Re: [agi] RL Does Not Fully Explain Inner Direction

Aaron Hosford Wed, 30 Jan 2013 16:03:55 -0800

I see no reason to disagree with that, but I would place a restriction on
it: We cannot make an unpleasant concept into a pleasant one without
finding some sort of outcome of that unpleasant concept that leads to
another concept sufficiently pleasant to overcome its distastefulness.
(Likewise, the dual of this statement is also true: Pleasant concepts
require association with unpleasant ones to become so themselves.)

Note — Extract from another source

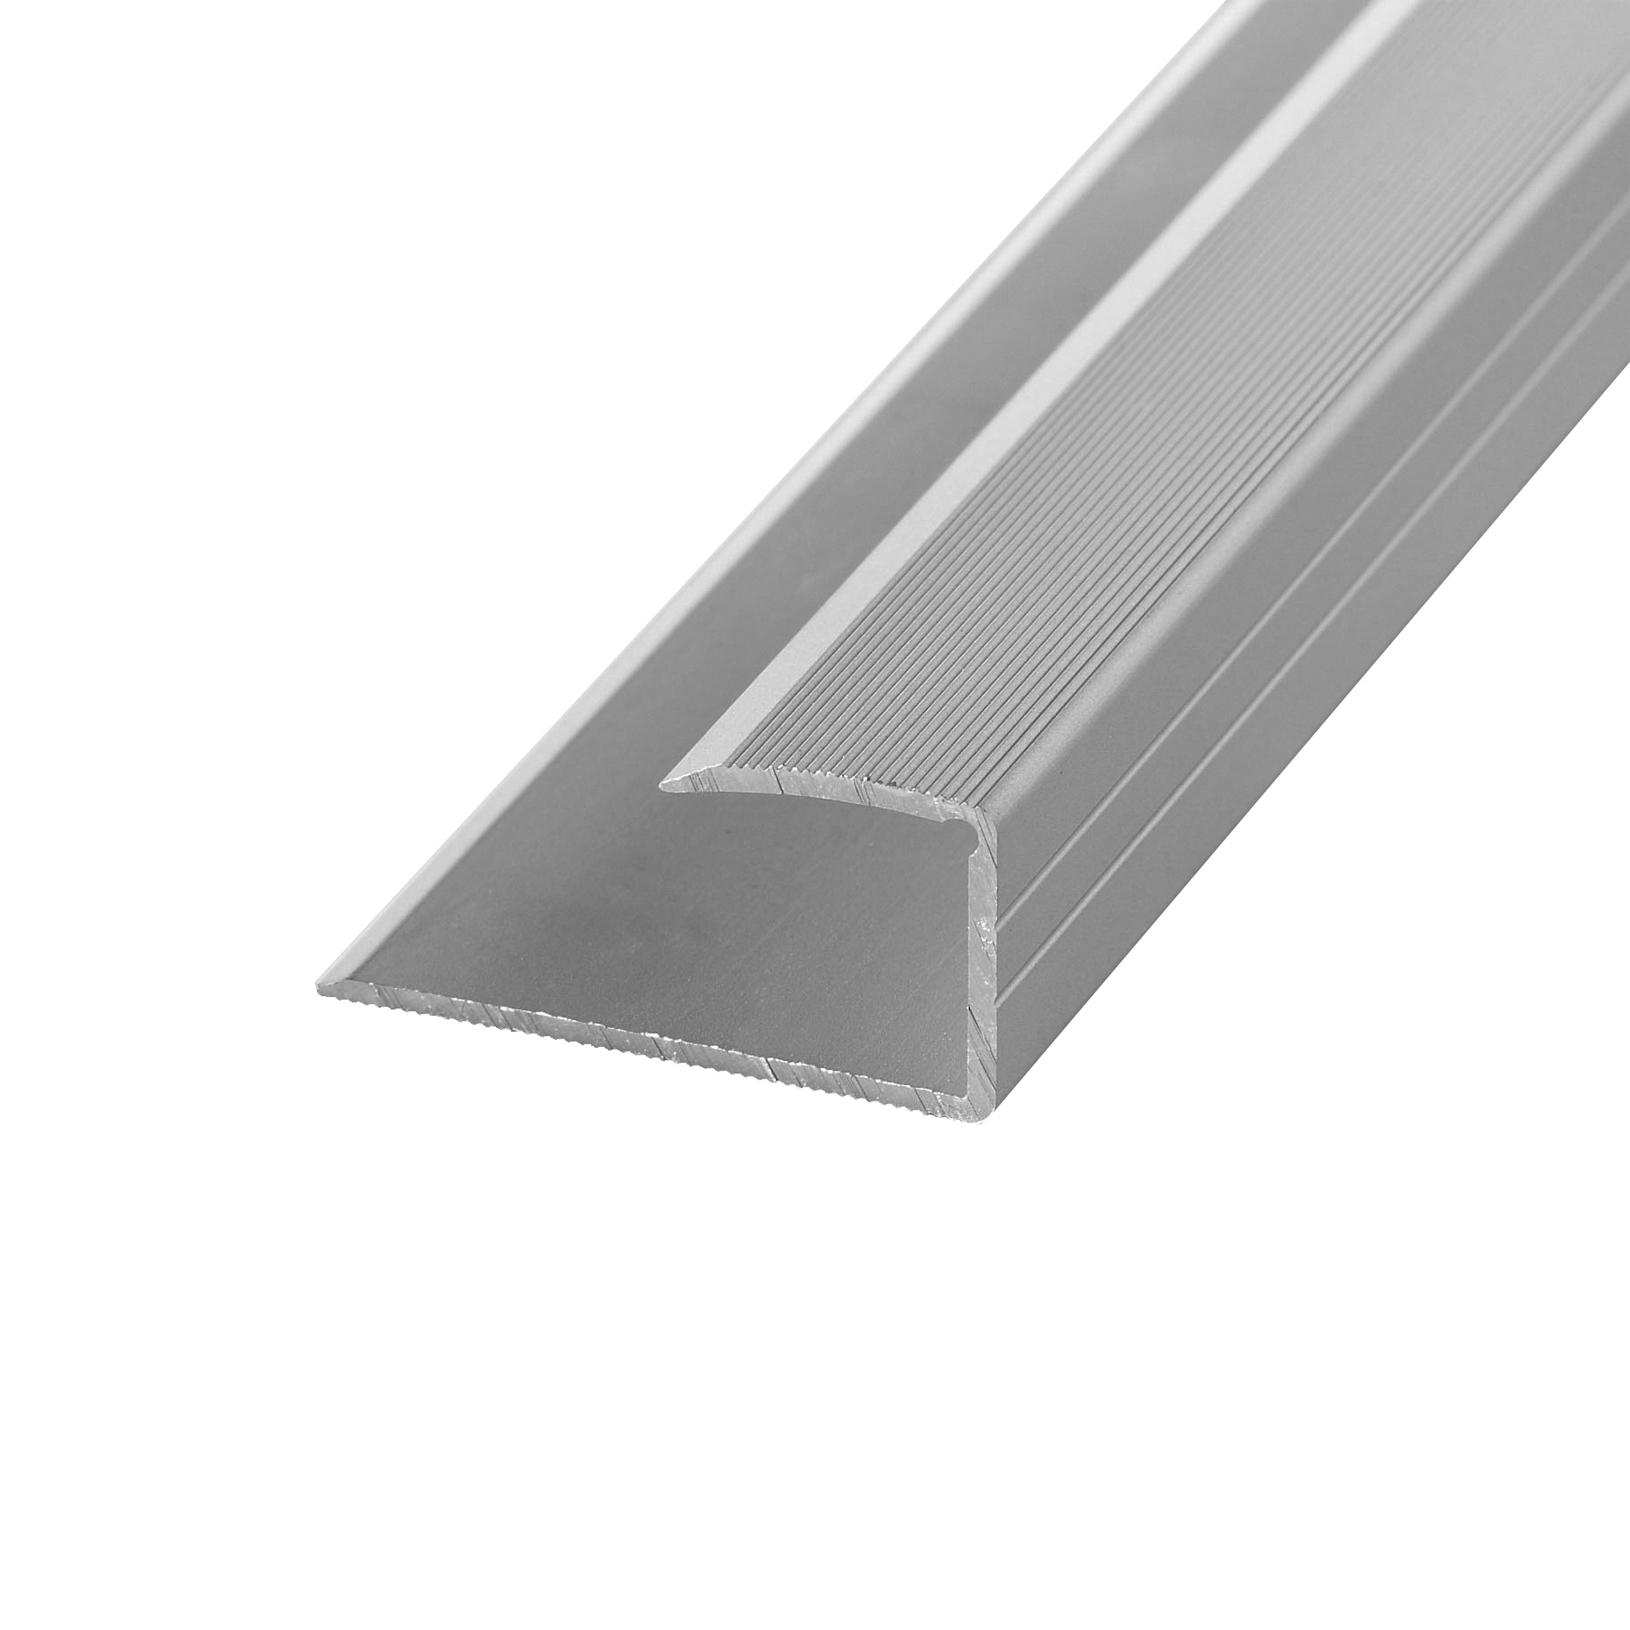 Edging profile 12-14mm alu stainl. steel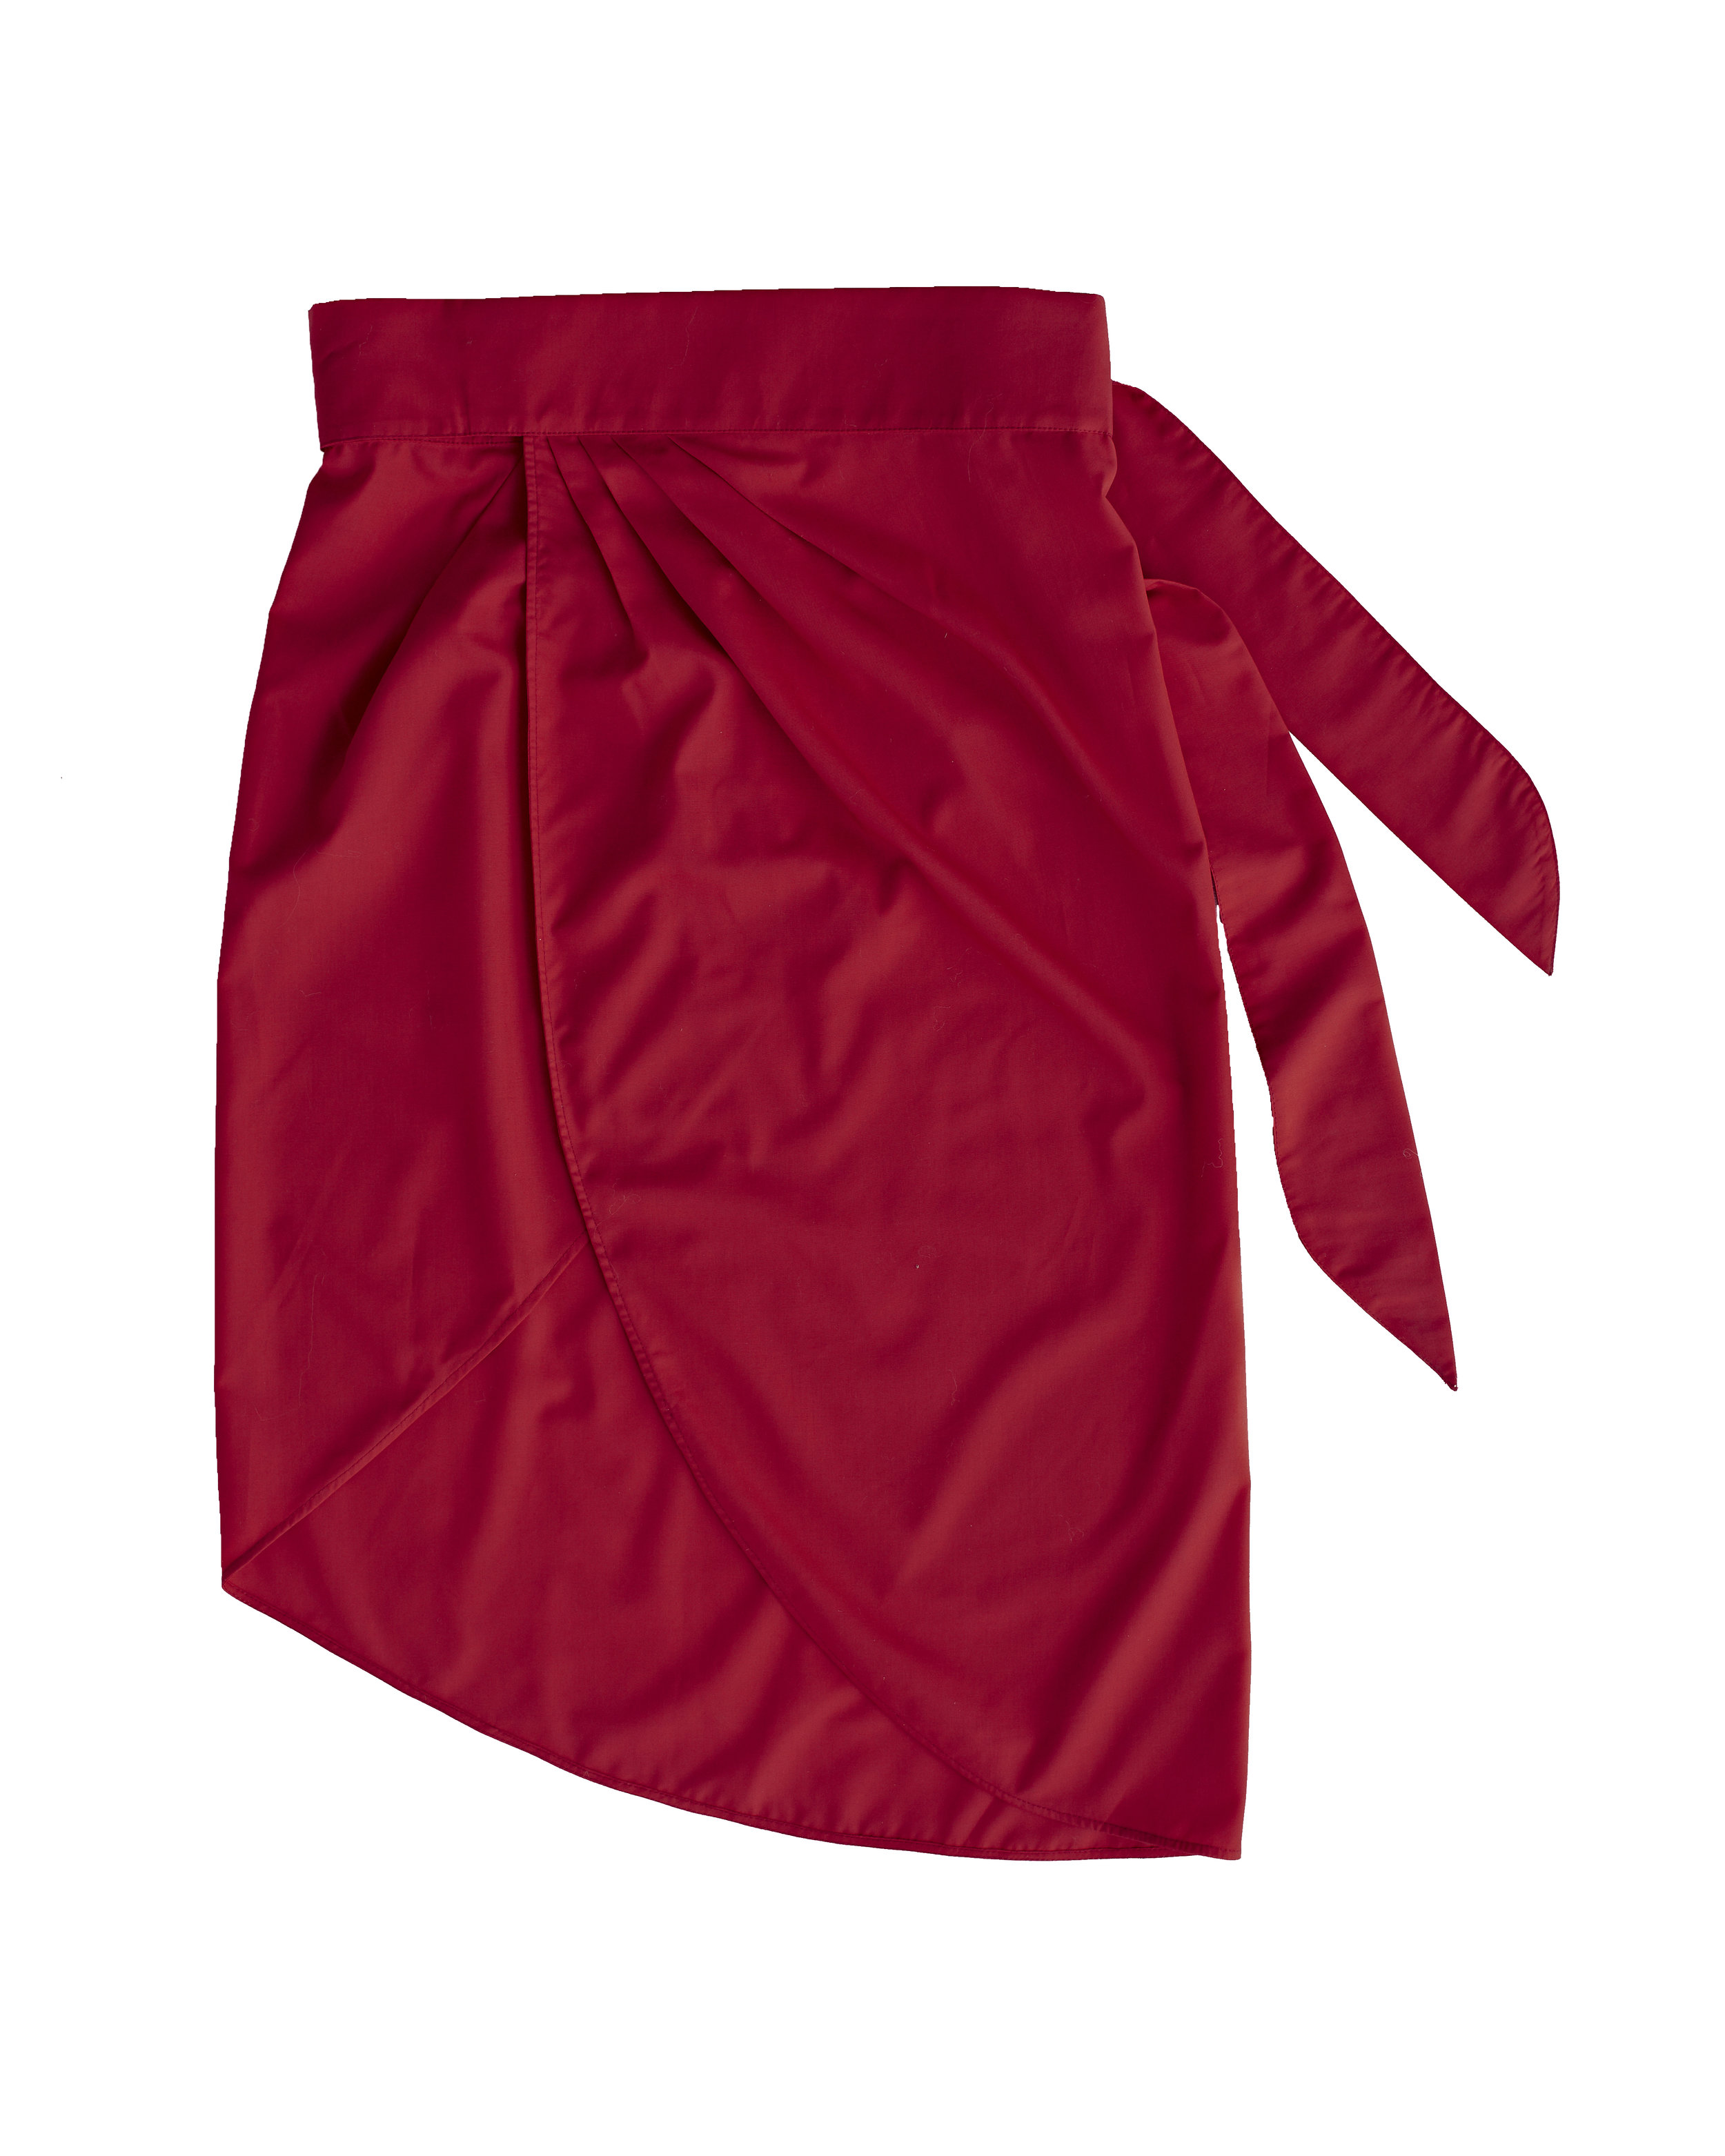 Half length butterfly skirt olors available

So I can convince myself that not procrastinating is a good thing, despite
the fact that procrastination feels good at the moment, because I can
logically connect it to higher productivity if I refrain. But I cannot *ever
*convince myself that murder is a good thing, because I cannot logically
connect it to any concept with sufficiently positive expectation to
overcome the displeasure that I would feel for having done such a thing, no
matter how I try to rationalize it. (This may not be true for a person
whose moral judgment corresponds to a shallower gradient in their reward
function.)

The previous statement implies that there is a necessarily an awareness of
expected reward for some behaviors or concepts despite never having
actually tried them. I think the brain has certain hardwired modules for
assigning expected reward to certain concepts/behaviors a priori, including
many associated with morality, sexual behavior, and personal harm/danger.
These hardwired reward expectations typically have relatively extreme
values and affect behavior powerfully by instilling strong compulsions or
aversions, depending on their polarity. Any system we build which is
sufficiently embodied to significantly threaten the life of a human being
will need such modules built into it, as well, to prevent catastrophe.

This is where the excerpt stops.